During our spare time, we (Michael and I) are playing a little bit with the potential "social" web (in other words, we are just trying to extract some useful information from a bunch of bloody web pages). In that scope, we have to collect, mangle, analyze and evaluate a lot of web pages. During the process of evaluation, we could think of something new but we may forget to collect important data when crawling the urls.
We discussed the possibility to write and small lightweight framework that could operate partially like the big processing framework (e.g. : MapReduce or Hadoop). Those frameworks often operate in the same way (as a lot of operation can be expressed in that way) by splitting a large dataset in small datasets across multiple node. A map function is given to process the small datasets with user-specified operations. Afterwards the datasets are reduced and compiled to provide an uniform result. Such kind of framework is composed of multiple elements like a job scheduler systems (to dispatch the task across the nodes), a distributed file system (to efficiently distribute the datasets and also… write the results), a communication process system across the nodes… So developing such framework is very complex and could be time consuming.

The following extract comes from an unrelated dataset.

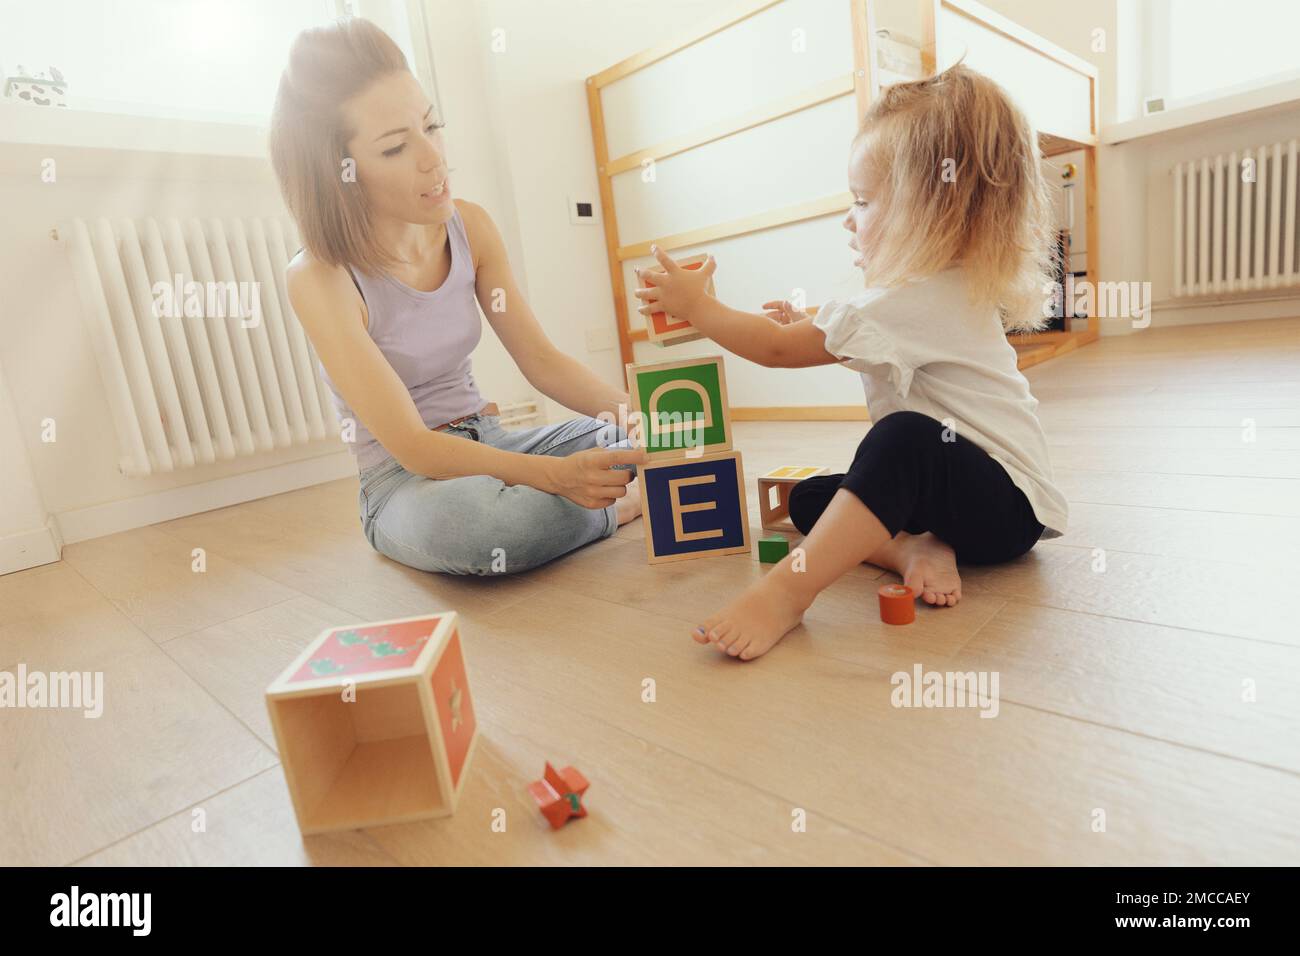 la mère et la fille jouent avec des cubes en bois, avec des lettres sur les visages et capable de contenir des plus petits; la pièce est claire et claire Banque D'Images

In that scope, I was looking for a way to restart efficiently my crawling and processing process using a very simple process. I made a very quick-and-dirty(tm) prototype to do that job. So it's a 2 hours experiment but with the idea behind to build a potential lightweight framework… Here is the basic steps in :
I made a basic interface around GNU screen (the excellent terminal multiplexer) to handle the -X option via a simple Python class(svn). Like that the job will be managed inside a single screen session.
The second part is the webcrawler (the tasks) that will collect the urls. The webcrawler is a very simple HTTP fetcher but including the ability to retrieve the url from an url list at a specific offset. The webcrawler(svn) can be called like that :
python crawl.py -s ./urlstore2/ -f all-url.txt.100000.sampled -b 300 -e 400
Where -b is the beginning of the url to fetch and -e is the last url to fetch from the url file specified with -f.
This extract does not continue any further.